Aquatic Antagonists: Stingray Injury Update
Stingrays cause more sting-related injuries than any other fish. Their venom and mechanism of injury lead to painful, poor-healing wounds that often become infected. Stingray injuries are further complicated by retained barbs and foreign bodies, which also may lead to considerable morbidity. Most stingray injuries can be treated with hot water immersion, wound debridement, and prophylactic antibiotics, while some may require more extensive treatment and surgical intervention at a tertiary care center. Educating patients about avoidance strategies, such as wading through water with a shuffling gait and wearing protective leg guards, may help decrease stingray injuries.
Practice Points
- Acute pain associated with stingray injuries can be treated with hot water immersion.
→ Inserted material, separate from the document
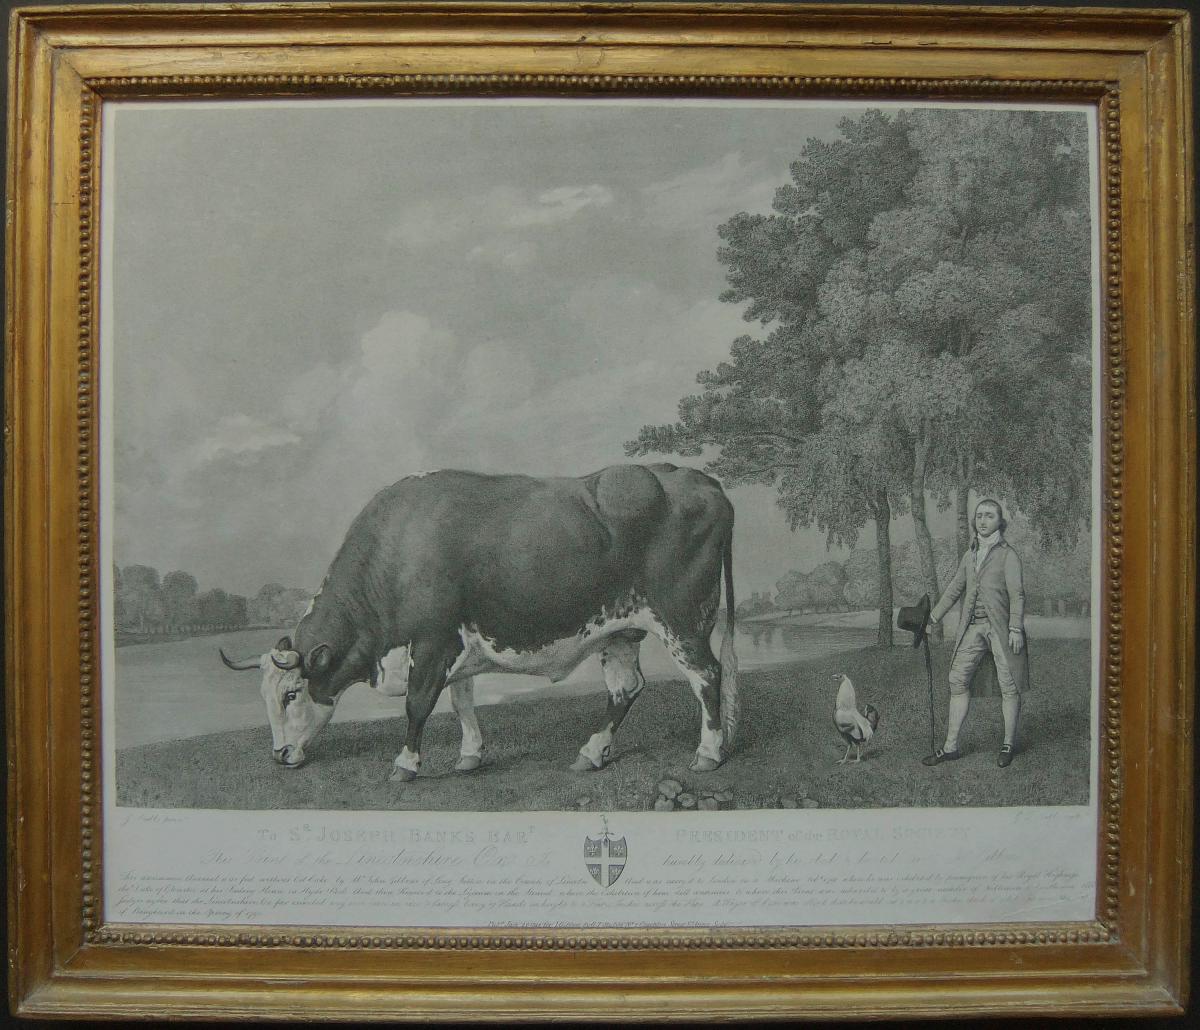 George Stubbs "The Lincolnshire Ox" Engraving, 1791

- Stingray injuries are prone to secondary infection and poor wound healing.
Incidence and Characteristics
Stingrays are dorsoventrally flattened, diamond-shaped fish with light-colored ventral and dark-colored dorsal surfaces. They have strong pectoral wings that allow them to swim forward and backward and even launch off waves.3 Stingrays range in size from the palm of a human hand to 6.5 ft in width. They possess 1 or more spines (2.5 to >30 cm in length) that are disguised by much longer tails.6,7 They often are encountered accidentally because they bury themselves in the sand or mud of shallow coastal waters or rivers with only their eyes and tails exposed to fool prey and avoid predators.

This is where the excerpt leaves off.